I have a problem with proving part (4) of the following Lemma 2.1. It concerns Bell-type Inequalities. I attach the relevant definitions the lemma and the suggested proof (It begins with "Since...").
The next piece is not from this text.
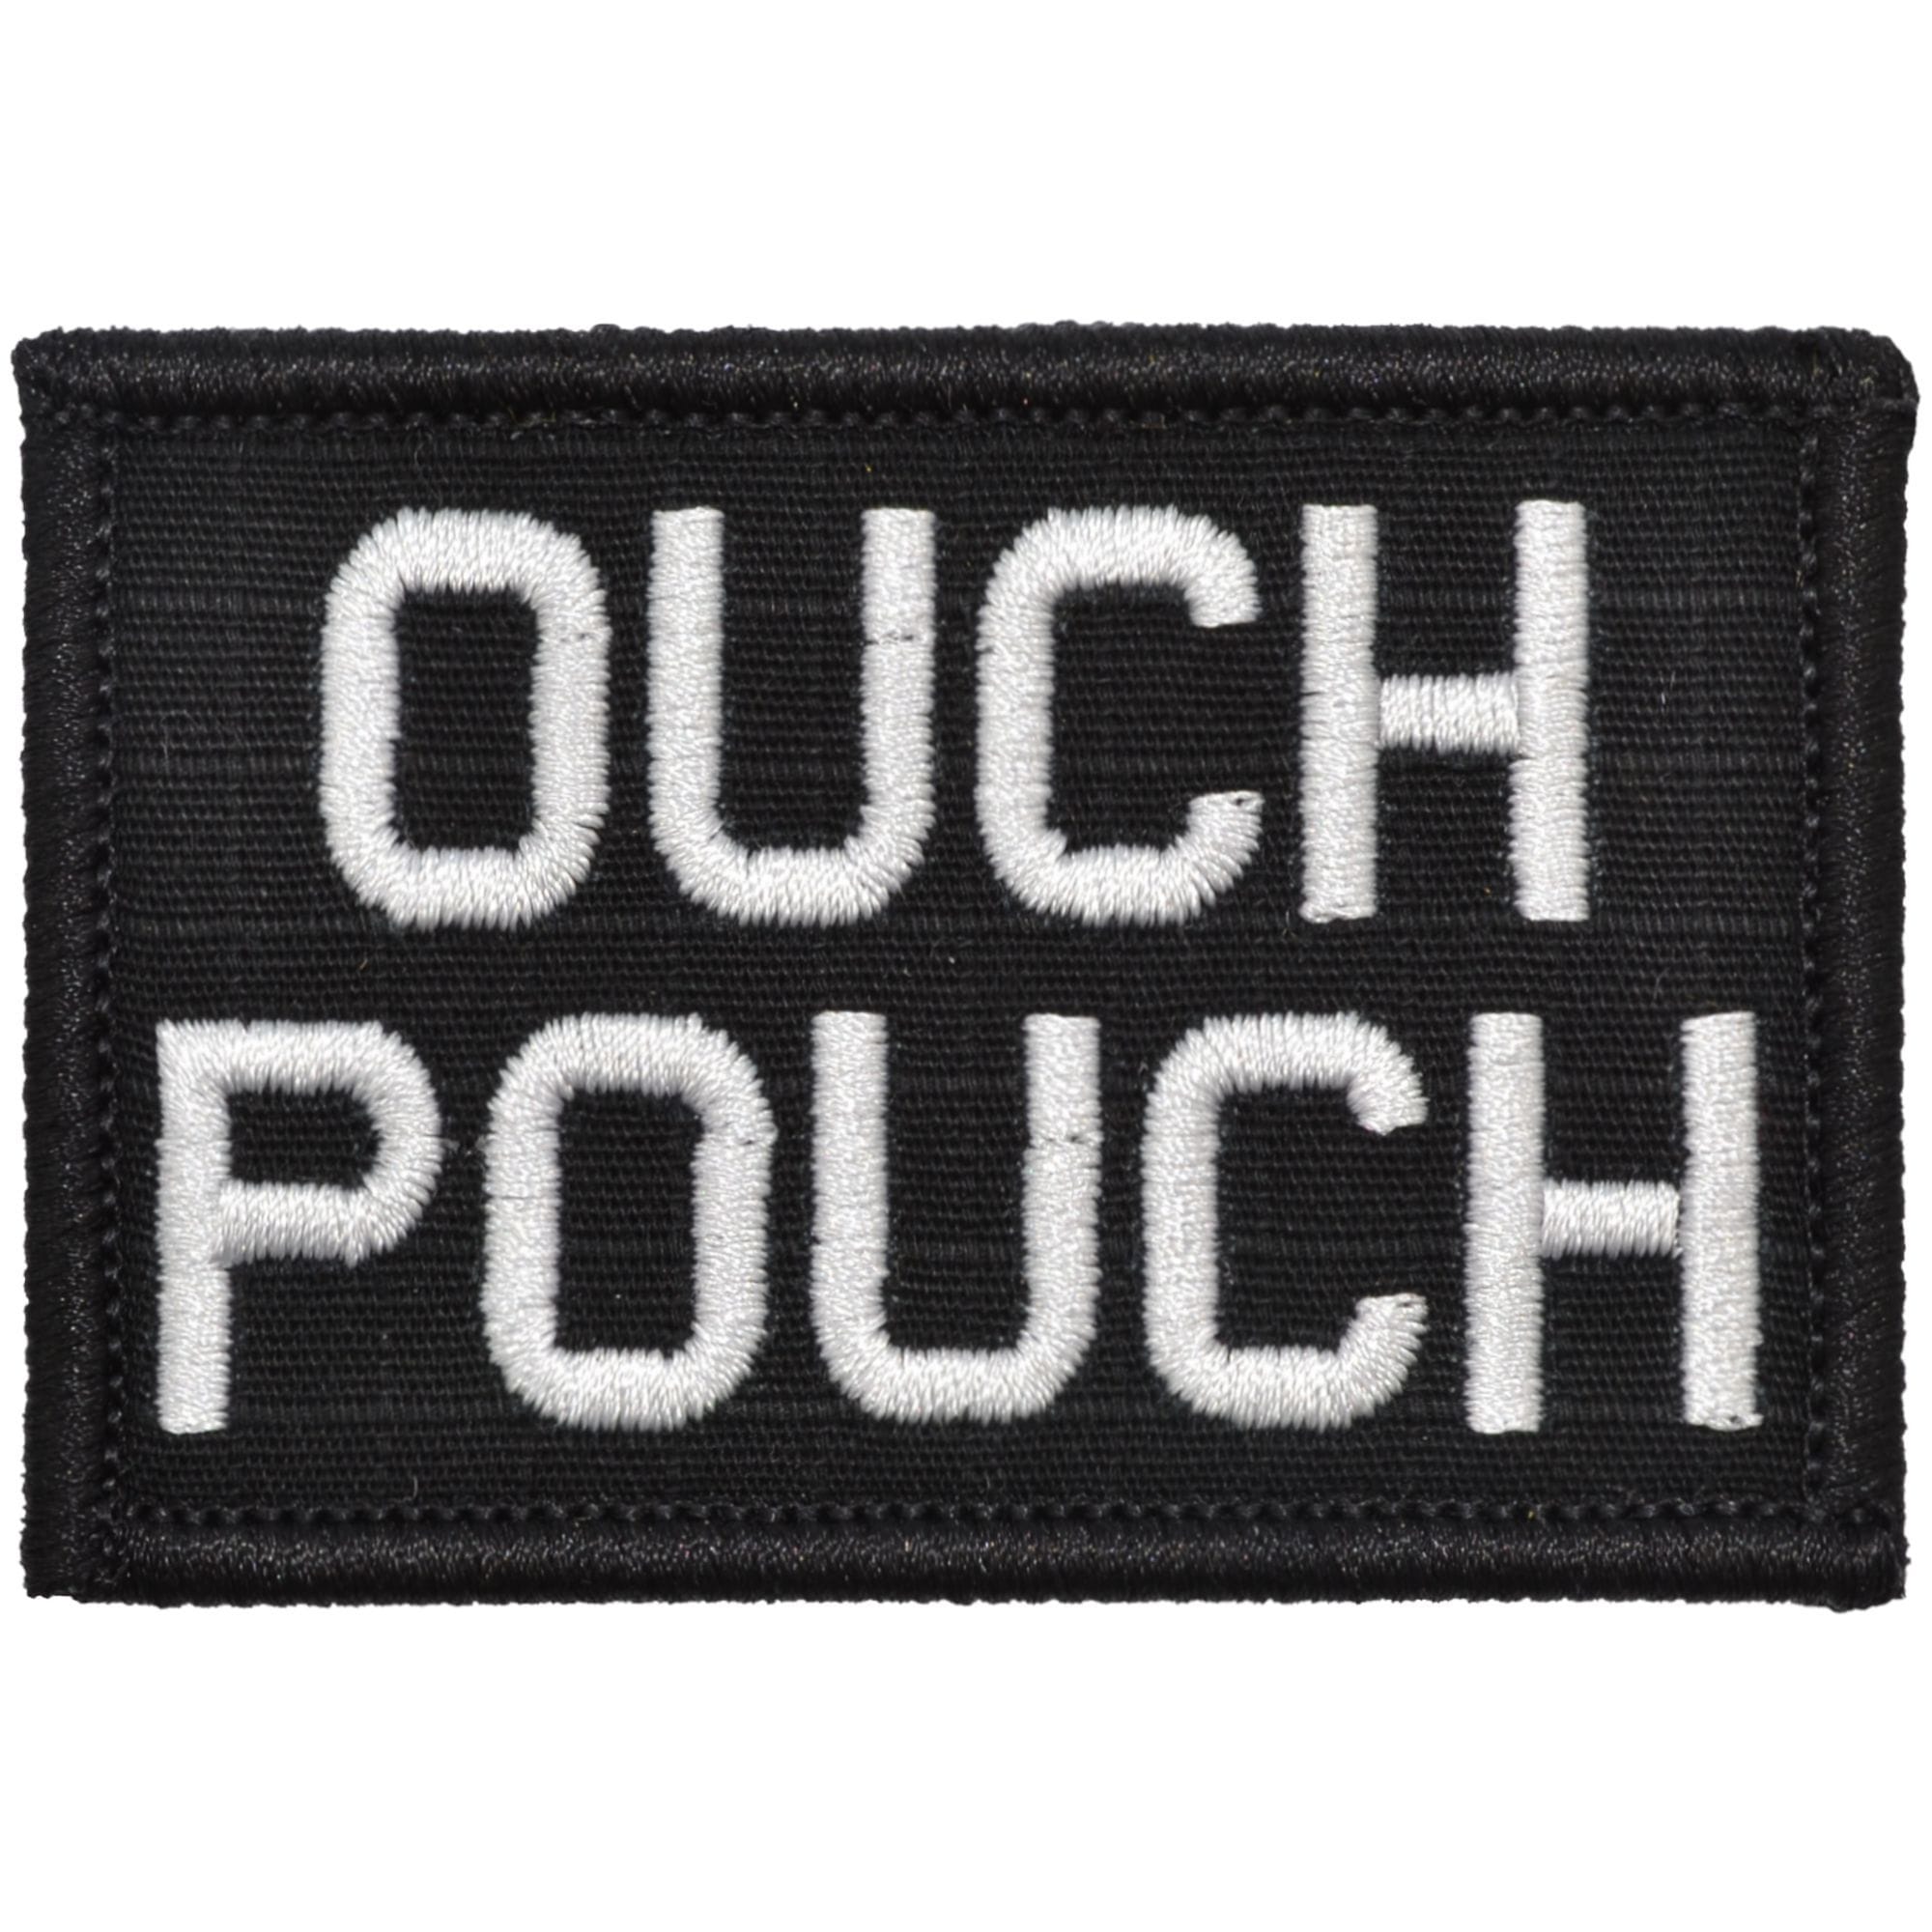 Tactical Gear Junkie Patches Black Ouch Pouch - 2x3 Patch

Is that proof correct?

Answer 1

The first assertion is that $\|T\|\leq\sqrt2$. When two selfadjoints $S,T$ commute, we have $|ST|=(|S|^2|T|^2)^{1/2}=|S|\,|T|$. Then, since everything is selfadjoint (even after taking sums and products) and commutes, \begin{align} \|A_1(B_1+B_2)+A_2(B_1-B_2)\|^2&=\|\,[A_1(B_1+B_2)+A_2(B_1-B_2)]^2\,\|\\ &=\|\,|A_1(B_1+B_2)+A_2(B_1-B_2)|^2\,\|\\ &\leq\|\,(|A_1(B_1+B_2)|+|A_2(B_1-B_2)|)^2\,\|\\ &\leq\|\,(|A_1|\,|B_1+B_2|+|A_2|\,|B_1-B_2|)^2\,\|\\ &\leq\|\,(|B_1+B_2|+|B_1-B_2|)^2\,\|\\ &\leq\|\,(B_1+B_2)^2+(B_1-B_2)^2+2|B_1+B_2|\,|B_1-B_2|\,\|\\ &=\|2B_1^2+2B_2^2+2|B_1^2-B_2^2|\,\|\\ &\leq\|2I+2I+2I\|=6. \end{align} Then $\|T\|\leq\tfrac12\,\sqrt6=\tfrac{\sqrt3}{\sqrt2}\leq\sqrt2$.

For the estimate, \begin{align} \phi(T)&=\phi(T)-\psi(T)+\psi(T)=(\phi-\psi)(T)+\psi(T)\\ &\leq\|\phi-\psi\|\,\|T\|+\psi(T) \leq\sqrt2\,\|\phi-\psi\|+\psi(T)\\ &\leq\sqrt2\|\phi-\psi\|+\beta(\psi,\mathscr A,\mathscr B). \end{align} As $\phi(T)\leq \sqrt2\|\phi-\psi\|+\beta(\psi,\mathscr A,\mathscr B)$ for all $T$, $$ \beta(\phi,\mathscr A,\mathscr B)\leq\sqrt2\|\phi-\psi\|+\beta(\psi,\mathscr A,\mathscr B), $$ so $$ \beta(\phi,\mathscr A,\mathscr B)-\beta(\psi,\mathscr A,\mathscr B)\leq\sqrt2\|\phi-\psi\|. $$ As the roles can be reversed, $$ |\beta(\phi,\mathscr A,\mathscr B)-\beta(\psi,\mathscr A,\mathscr B)|\leq\sqrt2\|\phi-\psi\|. $$